Протокол описывает специфическую маркировку митохондриальных нуклеоидов с коммерчески доступным пятном геля ДНК, приобретение временной промежутки серии живых помеченных клеток с помощью сверх-разрешения структурированной иллюминаторной микроскопии (SR-SIM) и автоматическое отслеживание движения нуклеоидов.

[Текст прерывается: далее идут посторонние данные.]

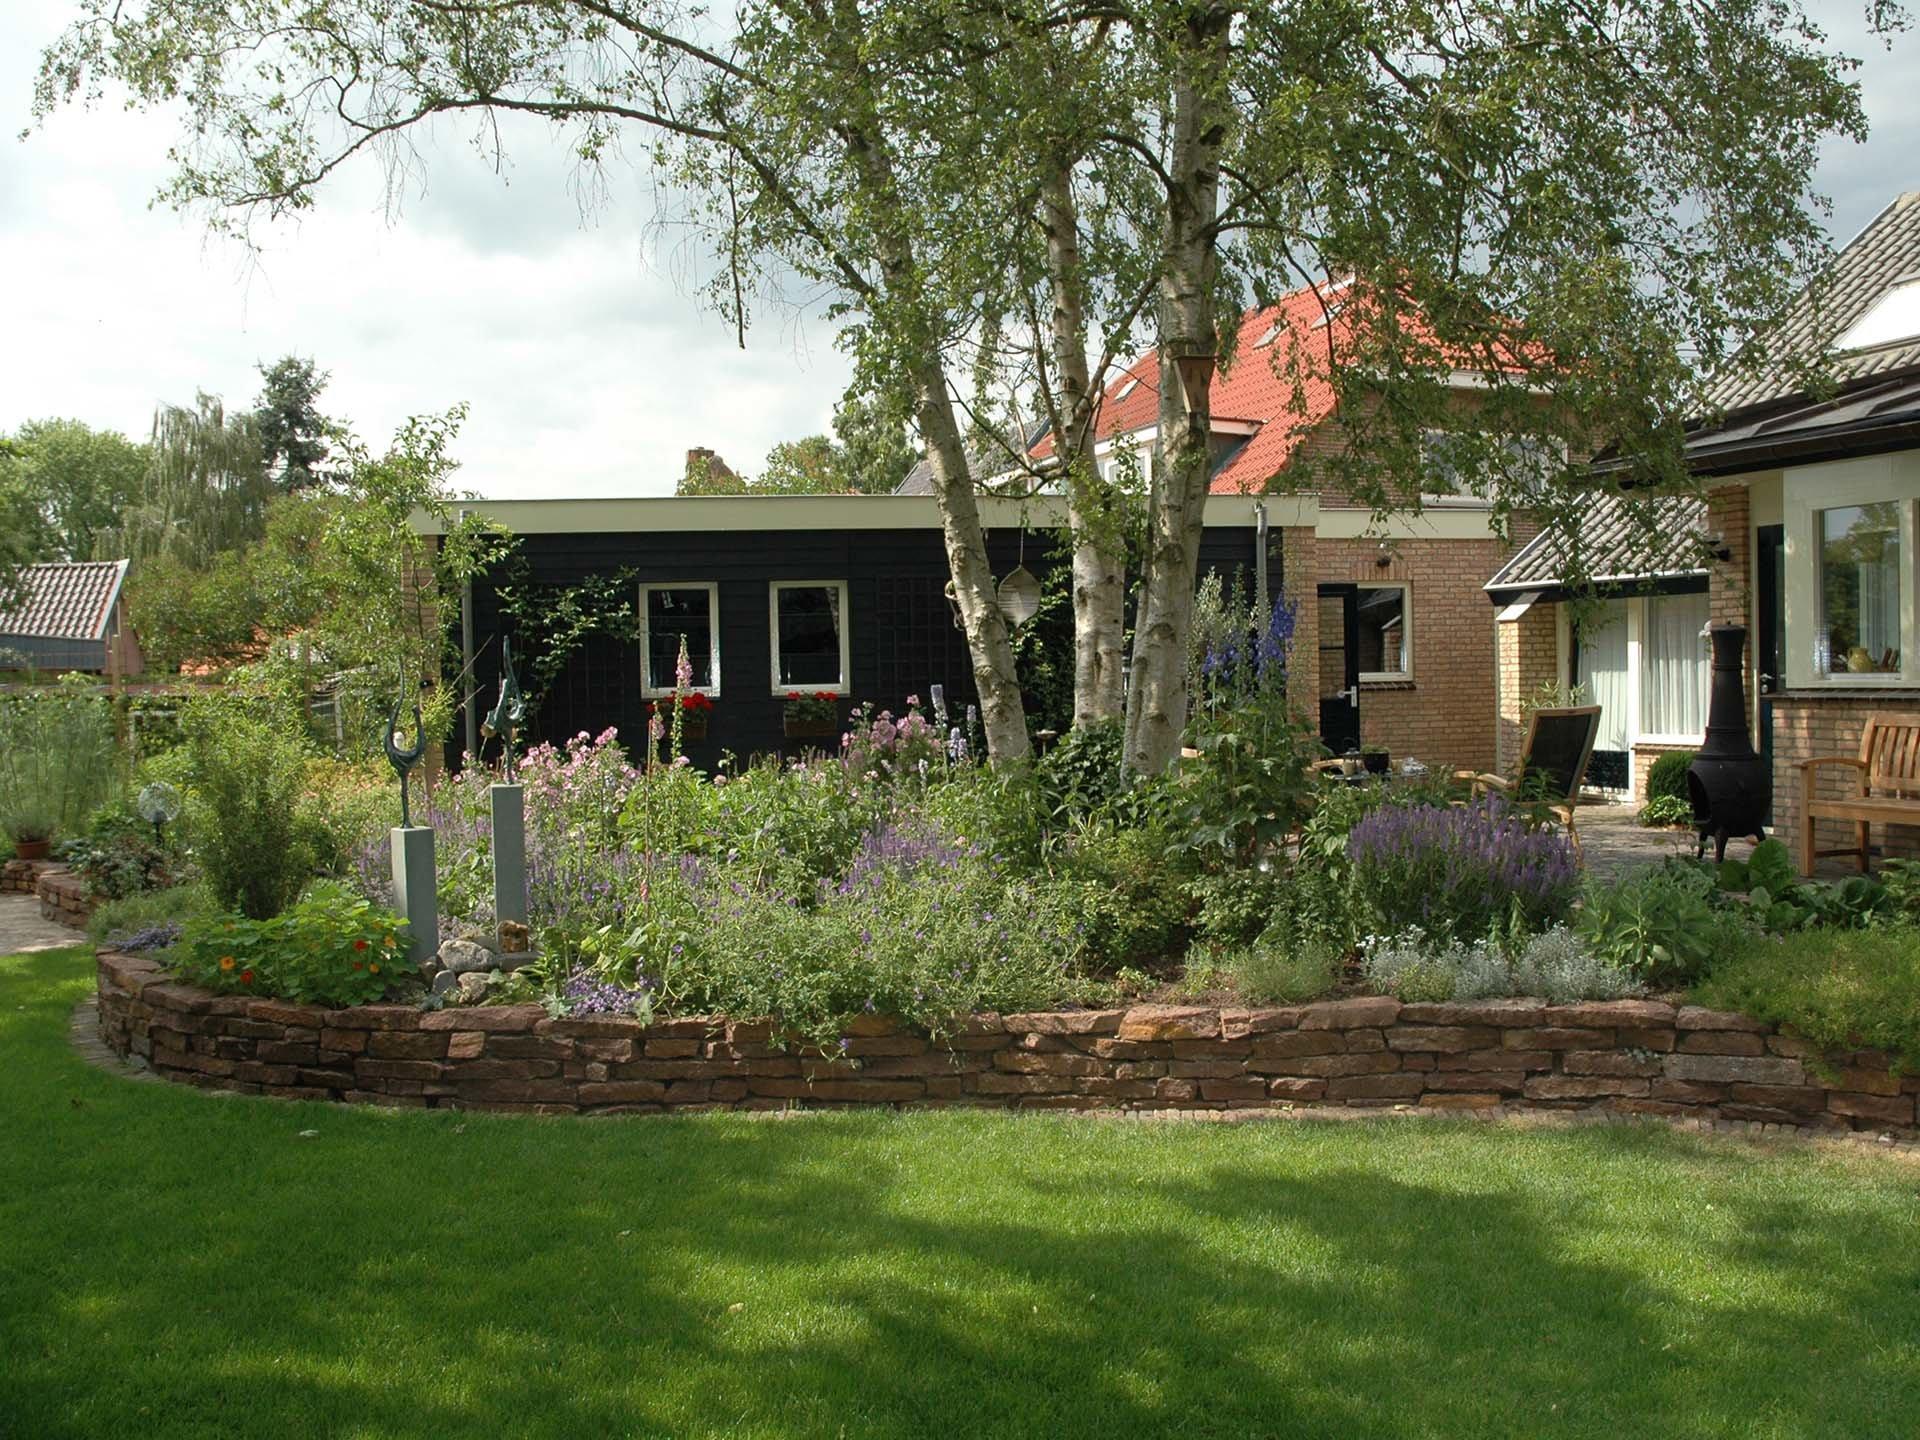 01 Tuin te Zwolle 2

Митохондриальные нуклеоиды – это компактные частицы, образованные молекулами митохондриальной ДНК, покрытыми белками. Митохондриальная ДНК кодирует тРНК, рРНК и несколько основных митохондриальных полипептидов. Митохондриальные нуклеоиды делятся и распределяются в динамической митохондриальной сети, которая подвергается делению/слиянию и другим морфологическим изменениям. Высокое разрешение живой флуоресценции микроскопии является простой метод, чтобы охарактеризовать положение и движение нуклеоидов. Для этого метода, нуклеоиды обычно помечены через флуоресцентные метки их белковых компонентов, а именно транскрипционный фактор a (TFAM). Тем не менее, эта стратегия нуждается в переэкспрессии флуоресцентного белка помечены построить, что может привести к артефактов (сообщил и для TFAM), и не представляется возможным во многих случаях. Органические ДНК-связывающие красители не имеют этих недостатков. Тем не менее, они всегда показывают окрашивание как ядерных, так и митохондриальных ДНС, при этом не хватает специфичности митохондриальных нуклеоидов. Принимая во внимание физико-химические свойства таких красителей, мы выбрали пятно геля нуклеиновой кислоты (SYBR Gold) и добились преференциальной маркировки митохондриальных нуклетодов в живых клетках. Свойства красителя, в частности его высокая яркость при привязке к ДНК, позволяют последующую количественную оценку движения митохондриальных нуклеоидов с использованием временных рядов структурированных изображений освещения супер-разрешения.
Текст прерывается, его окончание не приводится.